◆ **What the task asks**: Tally every line of the records below that includes "música", and reply with the total alone.

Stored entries
#####

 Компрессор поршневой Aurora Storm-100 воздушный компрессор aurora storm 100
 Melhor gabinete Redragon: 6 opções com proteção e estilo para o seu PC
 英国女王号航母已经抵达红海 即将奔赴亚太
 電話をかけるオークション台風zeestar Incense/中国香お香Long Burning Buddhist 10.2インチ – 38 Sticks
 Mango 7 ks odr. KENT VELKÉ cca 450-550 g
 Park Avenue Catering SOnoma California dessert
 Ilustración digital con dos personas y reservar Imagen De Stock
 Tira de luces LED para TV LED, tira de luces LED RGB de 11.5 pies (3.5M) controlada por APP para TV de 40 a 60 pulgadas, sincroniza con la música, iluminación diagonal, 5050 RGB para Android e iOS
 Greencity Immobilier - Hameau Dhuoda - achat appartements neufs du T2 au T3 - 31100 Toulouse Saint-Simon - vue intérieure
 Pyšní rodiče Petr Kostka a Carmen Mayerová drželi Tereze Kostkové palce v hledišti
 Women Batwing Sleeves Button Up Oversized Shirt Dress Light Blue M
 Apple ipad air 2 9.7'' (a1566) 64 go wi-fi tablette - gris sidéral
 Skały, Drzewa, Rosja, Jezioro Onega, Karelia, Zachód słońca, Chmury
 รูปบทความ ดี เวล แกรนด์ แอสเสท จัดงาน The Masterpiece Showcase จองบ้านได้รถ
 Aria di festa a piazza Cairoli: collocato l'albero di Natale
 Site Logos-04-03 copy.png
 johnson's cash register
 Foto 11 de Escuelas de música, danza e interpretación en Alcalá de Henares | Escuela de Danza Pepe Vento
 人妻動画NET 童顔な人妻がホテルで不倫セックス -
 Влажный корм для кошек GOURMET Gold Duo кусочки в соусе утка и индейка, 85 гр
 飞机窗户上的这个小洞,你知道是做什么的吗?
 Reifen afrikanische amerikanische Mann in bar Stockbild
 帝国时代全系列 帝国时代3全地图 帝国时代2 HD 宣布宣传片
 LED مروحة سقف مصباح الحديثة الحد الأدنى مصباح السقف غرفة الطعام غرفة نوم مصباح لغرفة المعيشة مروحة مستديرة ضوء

#####

◆ **Answer for the task**: 2